Eric Sabo, 06/22/2005

A drug that has been used by thousands of lung cancer patients should be tightly restricted because it fails to improve survival, the Food and Drug Administration (FDA) announced last week. The FDA will allow the relatively new therapy, Iressa, to stay on from the market for now, but doctors can only prescribe the drug to patients with non-small cell lung cancer (NSCLC) who have already shown some type of improvement from the treatment.

The ruling is the latest setback for what had seemed like a highly promising cancer drug.
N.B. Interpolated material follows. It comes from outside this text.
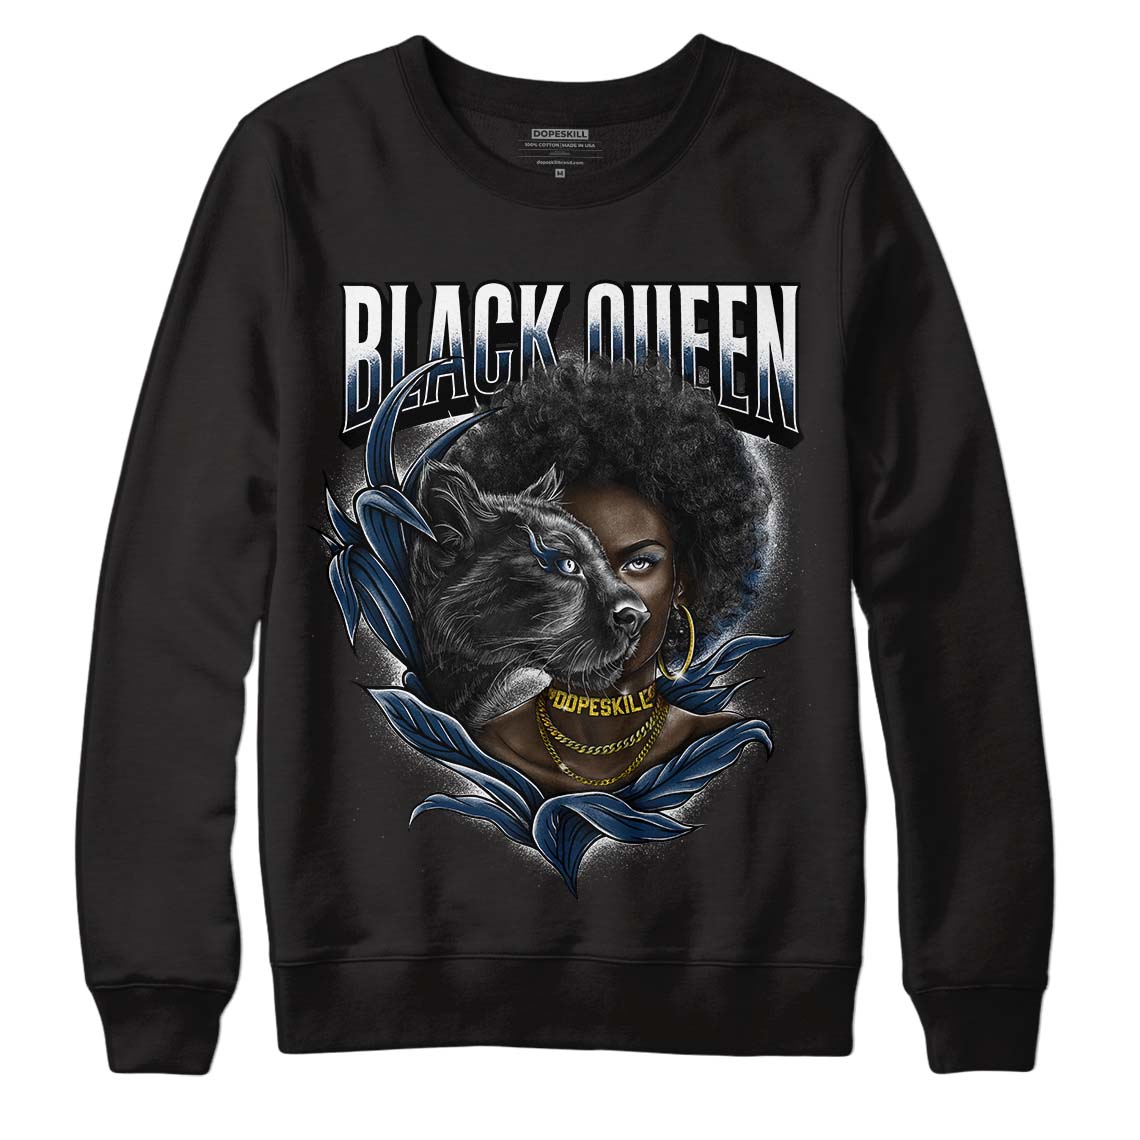 Brave Blue 13s DopeSkill Sweatshirt New Black Queen Graphic - Black

Approved by the FDA in 2003, Iressa belongs to a new wave of therapies that attack the disease with greater precision than chemotherapy or radiation. Iressa quickly gained favor after a small study showed it could shrink tumors in patients with advanced, hard-to-treat lung cancer. This past December, however, the FDA revealed that Iressa's cancer fighting effects did not translate into longer lives, based on results of a larger trial involving 1,700 patients.

As part of the agreement with the FDA, Astra Zeneca, the company that manufactures Iressa, plans to make the treatment available until at least September 15, 2005. "Iressa will remain available in the United States, through the Iressa Access Program, for patients who are currently benefiting or who have benefited," according to a statement. Some 4,000 Americans are currently taking Iressa, the company said.

The Options
The FDA and other experts said that lung cancer patients have several effective alternatives from which to choose. The chemotherapy standby, Taxotere, has been shown to increase survival, and the FDA recently approved a newer agent, Alimta, which is equally effective. Tarceva is yet another targeted drug for NSCLC that works similar to Iressa. In contrast to Iressa, however, the drug has been shown to extend survival by up to two months if chemotherapy fails to work.